In addition, the switching module preferably as claimed in claim 15, having the structure and the switching circuit and the decoding circuit is formed by a single chip. Thereby, the switching module which can complete | finish and implement | achieve switching operation by 1 chip | tip can be provided.

As described above, according to the present invention, when all the switching transistors are in a non-selected state, a switching circuit and a switching circuit control method that can reliably cut off the switching transistors are realized. Further, the present invention prevents the potential from the gate of the switching transistor not in the selected state from flowing back to the control bias supply circuit when any of the switching transistors is in the selected state. In addition, the present invention improves the controllability of the switching circuit by applying a desired control bias according to a predetermined event. Furthermore, a switching module equipped with this switching circuit is provided.

  DESCRIPTION OF EMBODIMENTS Hereinafter, preferred embodiments of the present invention will be described in detail with reference to the drawings.

[First Embodiment]
First, a first embodiment of the present invention will be described. In the switching circuit having a plurality of switching transistors commonly connected to either the input terminal or the output terminal, the basic concept of this embodiment is selectively when all the switching transistors are in a non-selected state, A control bias for supplying these to a cut-off state is supplied. Thereby, in this embodiment, the switching transistor in the non-selected state can be sufficiently and surely turned off (OFF state). When any one of the switching transistors is in a selected state, the control bias is not supplied because the potential is supplied to the source of the other non-selected switching transistor through the selected switching transistor. This is effective in reducing power consumption.

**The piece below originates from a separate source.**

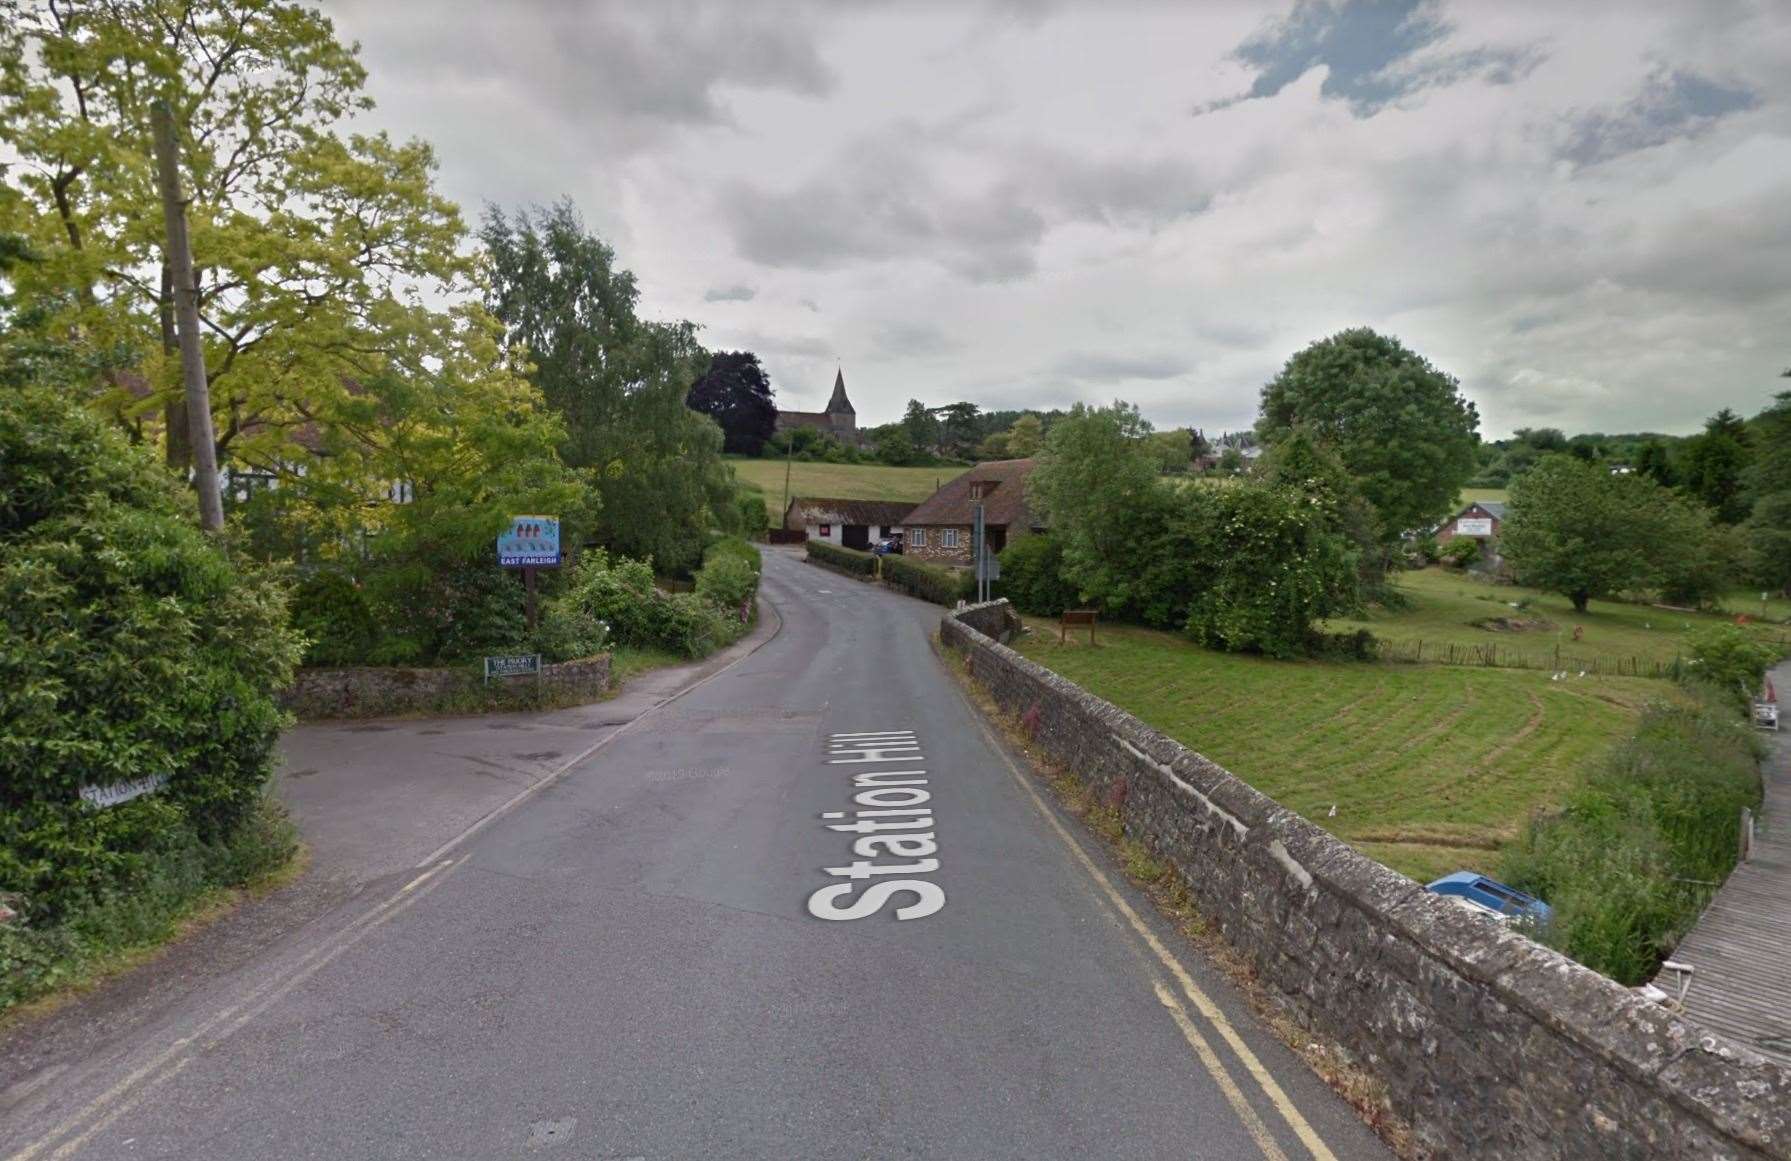 Station Hill, in East Farleigh, is currently closed due to roadworks. Picture: Google

  Hereinafter, the configuration and operation of the present embodiment will be described in detail with reference to the drawings. FIG. 3 is a circuit diagram showing a configuration of the switching circuit 1 according to the present embodiment.

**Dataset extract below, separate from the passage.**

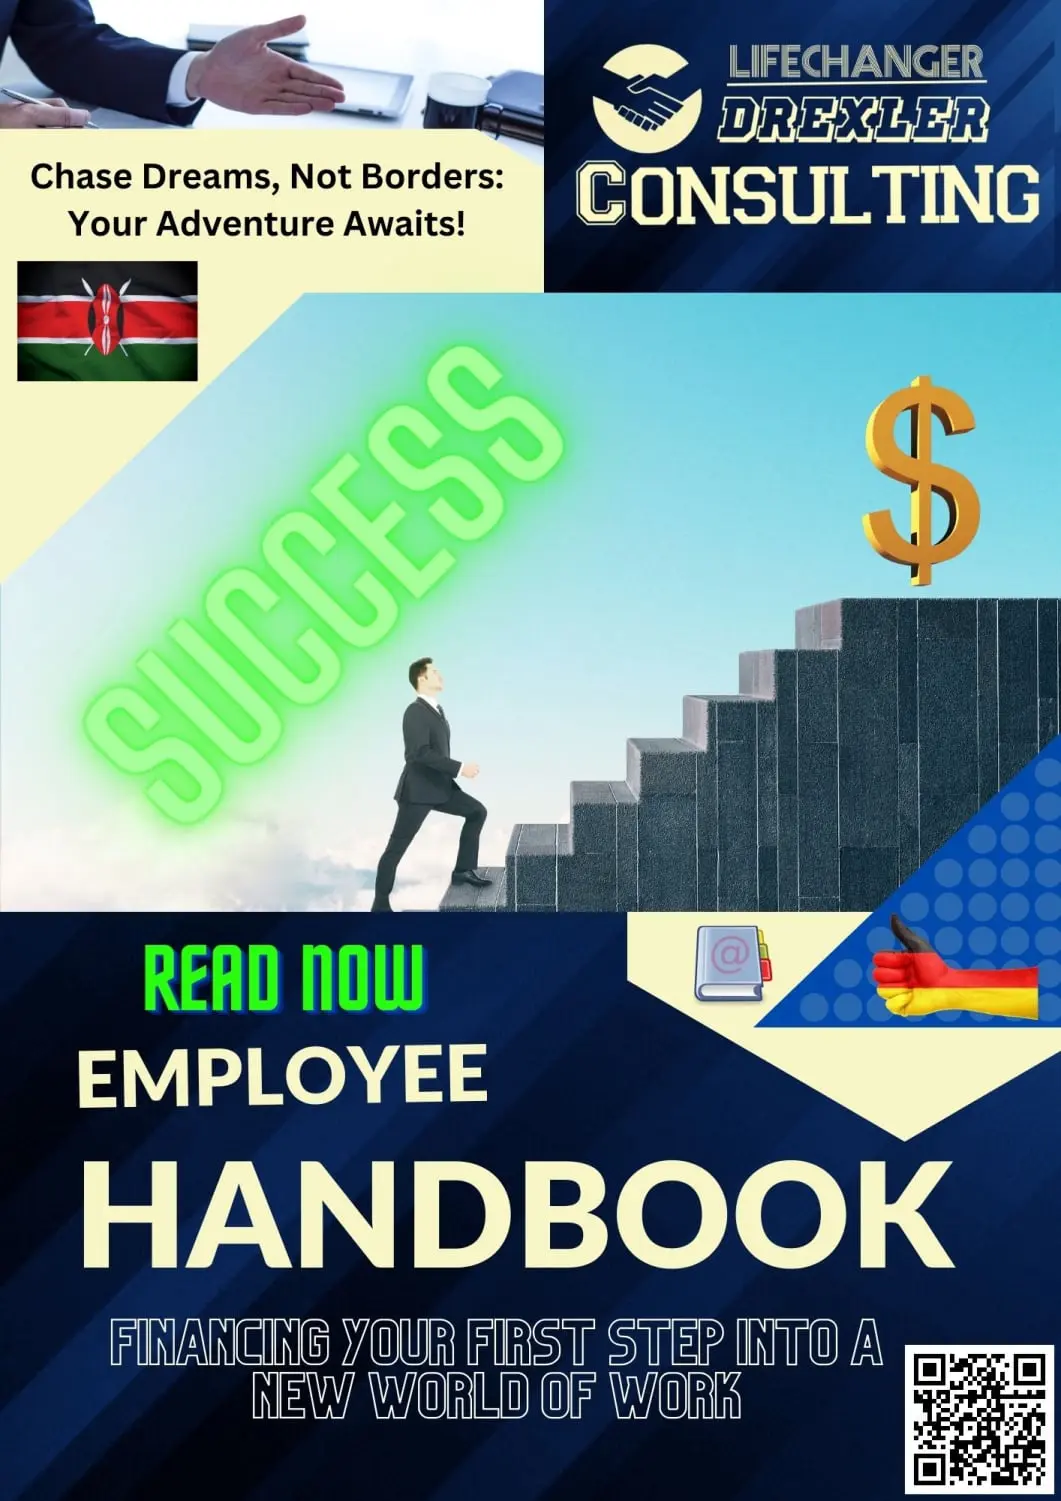 employee handbook promotion for finanzing your first step into a new wolrd of work

  As shown in FIG. 3, the switching circuit 1 has a configuration of an SPDT switch having one input and two outputs having two switching transistors Tr1 and Tr2. Note that the switching transistors Tr1 and Tr2 are configured by MES type field effect transistors (MESFETs) formed of, for example, gallium arsenide (GaAs). However, you may comprise this with a HEMT type field effect transistor (High Electron Mobility Transistor: HEMTFET).

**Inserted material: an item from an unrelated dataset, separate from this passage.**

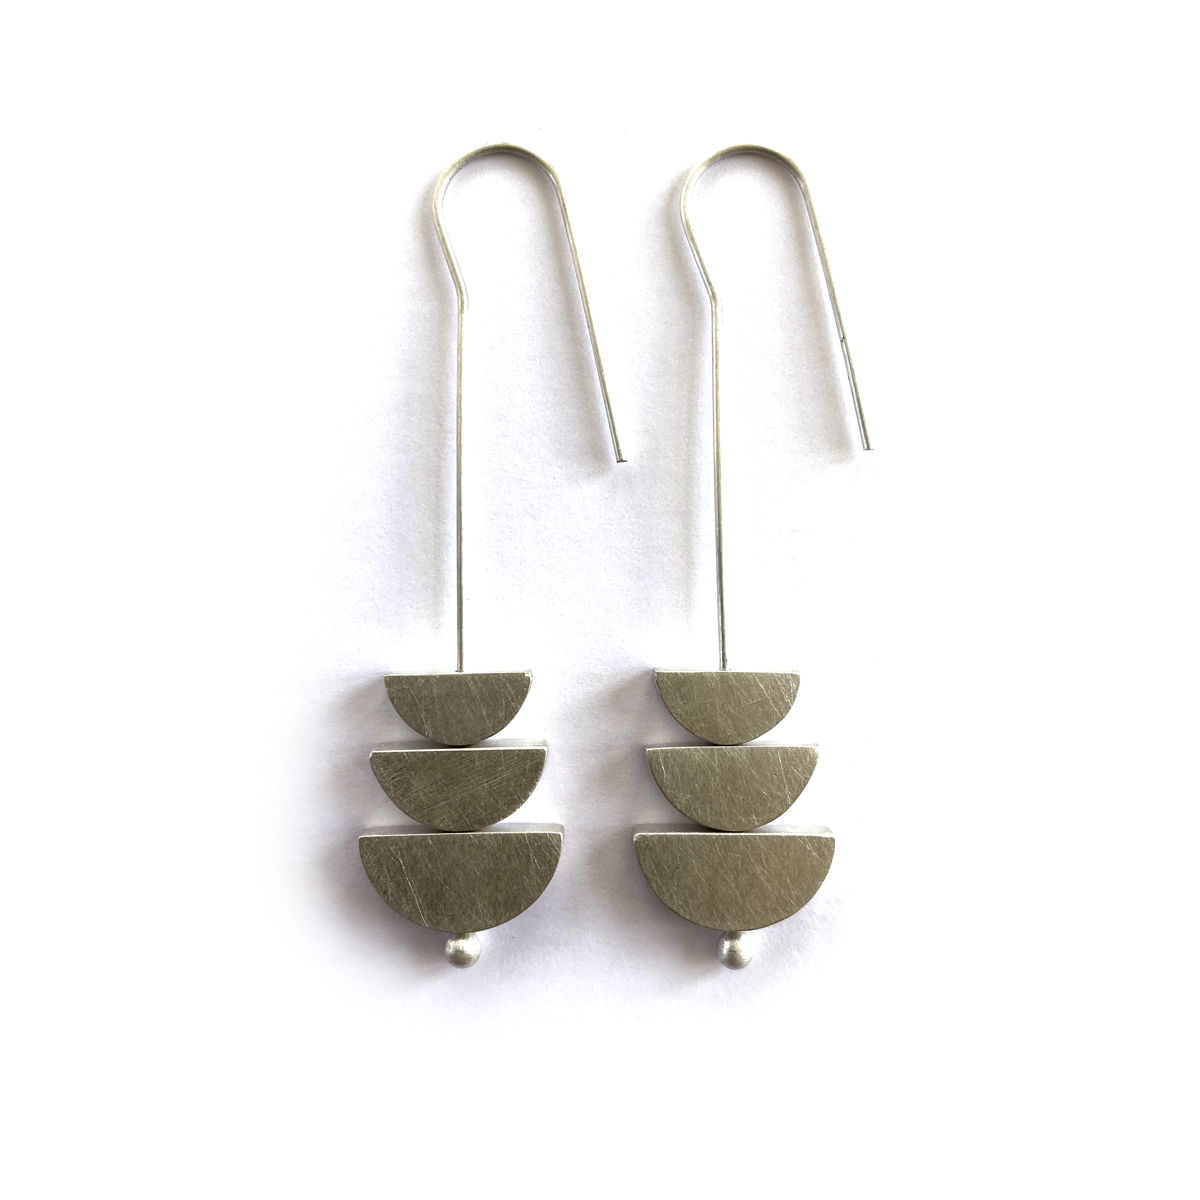 Changing Tides Earrings , silver, 2020, Kate Alterio

  In such a configuration, the switching transistor Tr1 has the gate to which the selection control signal V1 is applied via the resistor R1 for attenuating the high-frequency signal propagated from the input terminal Tin, and the drain blocks the DC component DC of the high-frequency signal. Is connected to the output terminal Tout1 via a capacitor C1 which is a capacitive element for performing the operation, and the source is connected to the input terminal Tin via a capacitor C3 for blocking the DC component DC of the high frequency signal. Similarly, the switching transistor Tr2 is applied with the selection control signal V2 through the resistor R2 for attenuating the high frequency signal propagated from the input terminal Tin to the gate, and the drain blocks the DC component DC of the high frequency signal. Is connected to the output terminal Tout2 through a capacitor C2, which is a capacitive element, and the source is connected to the input terminal Tin through a capacitor C3 for blocking the DC component DC of the high-frequency signal. For example, a high frequency signal received by an antenna is input to the input terminal Tin. Capacitors C1, C2, and C3 for blocking the DC component DC of the high-frequency signal input from the antenna may be included in the internal configuration of the switching circuit 1 or in other configurations. In the following description, the case where it is included in another configuration will be taken as an example.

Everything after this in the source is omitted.